Recommendation of Our Board of Directors
Our Board of Directors recommends that stockholders vote FOR the approval of the Amendment.
No Appraisal Rights
Delaware law does not provide for appraisal rights in connection with the corporate action to be taken.
Cost of Proxy Solicitation
We will pay the expenses of soliciting proxies from our stockholders to be voted at the Special Meeting and the cost of preparing and mailing this proxy statement to our stockholders. Following the original mailing of this proxy statement and other soliciting materials, we and our agents also may solicit proxies by mail, telephone or facsimile, or in person. In addition, proxies may be solicited from our stockholders by our directors, officers and employees in person or by telephone, facsimile or other means of communication. These officers, directors and employees will not be additionally compensated but may be reimbursed for reasonable out-of-pocket expenses in connection with the solicitation. Following the original mailing of this proxy statement and other soliciting materials, we will request brokers, custodians, nominees and other record holders of our Common Stock to forward copies of this proxy statement and other soliciting materials to persons for whom they hold shares of our Common Stock and to request authority for the exercise of proxies. In these cases, we will, upon the request of the record holders, reimburse these holders for their reasonable expenses. We have retained Broadridge Financial Solutions, Inc., a proxy solicitation firm, for assistance in connection with the solicitation of proxies for the Special Meeting and will pay customary fees plus reimbursement of out-of-pocket expenses.

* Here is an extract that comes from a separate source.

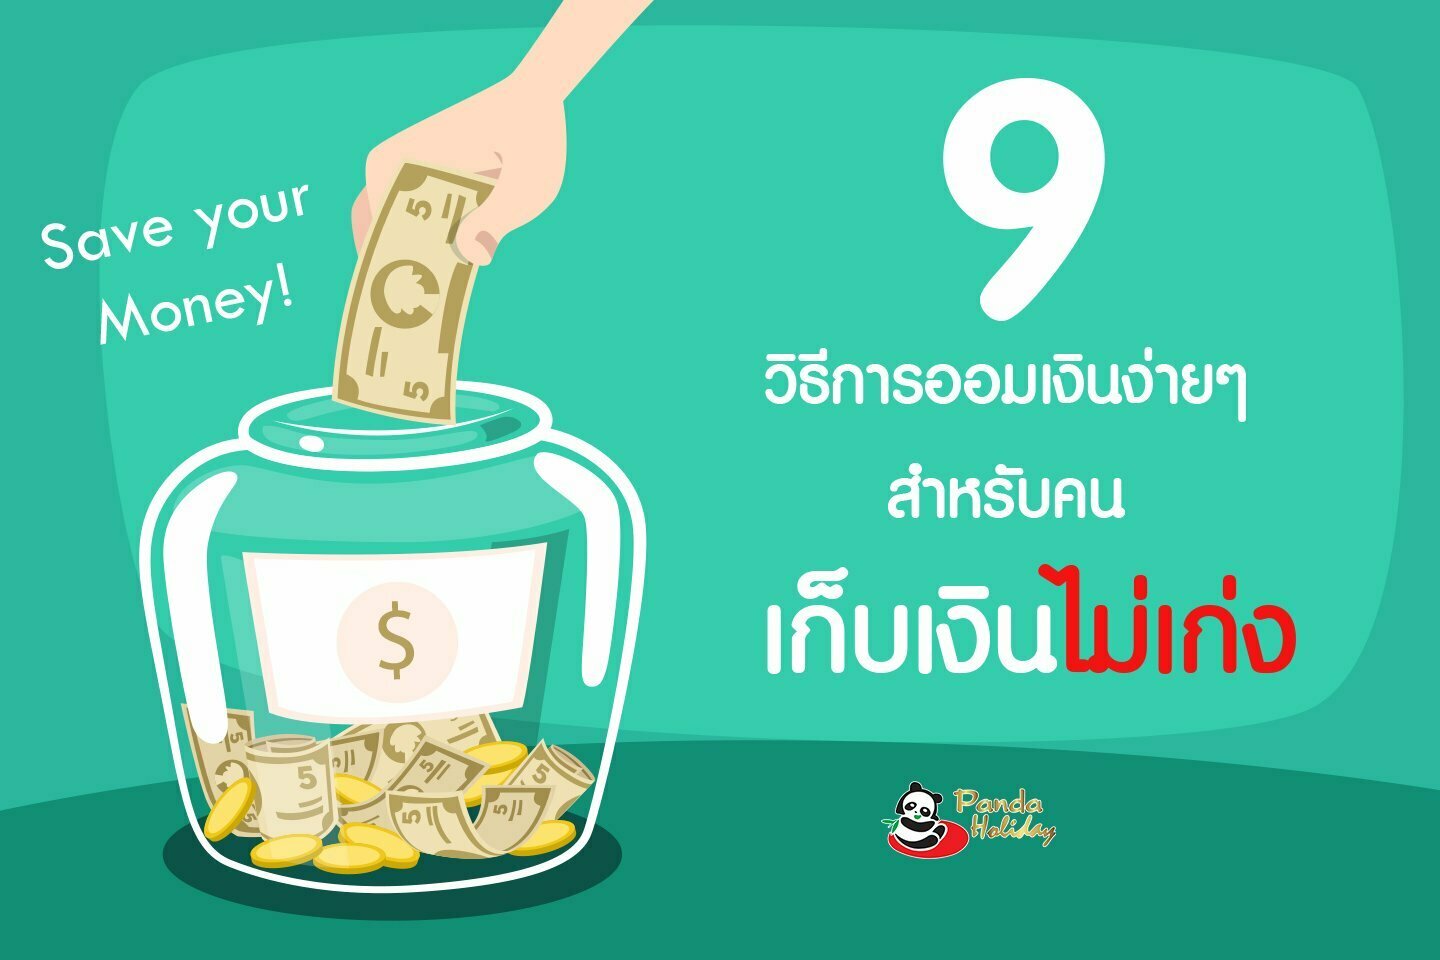 9 วิธีออมเงินง่ายๆ สำหรับคน เก็บเงินไม่เก่ง

Delivery of Proxy Statement to a Shared Address
If you and one or more other stockholders share the same address, it is possible that only one proxy statement was delivered to your address. Any registered stockholder who wishes to receive a separate copy of the proxy statement at the same address now or in the future may mail a request to receive separate copies to L. Bruce Jolliff, Chief Financial Officer, Advanced Medical Isotope Corporation, 6208 W. Okanogan Avenue, Kennewick, WA 99336 or contact the Chief Financial Officer at 509-736-4000, and we will promptly deliver the proxy statement to you upon your request. Stockholders who received multiple copies of this proxy statement at a shared address and who wish to receive a single copy may direct their request to the same address.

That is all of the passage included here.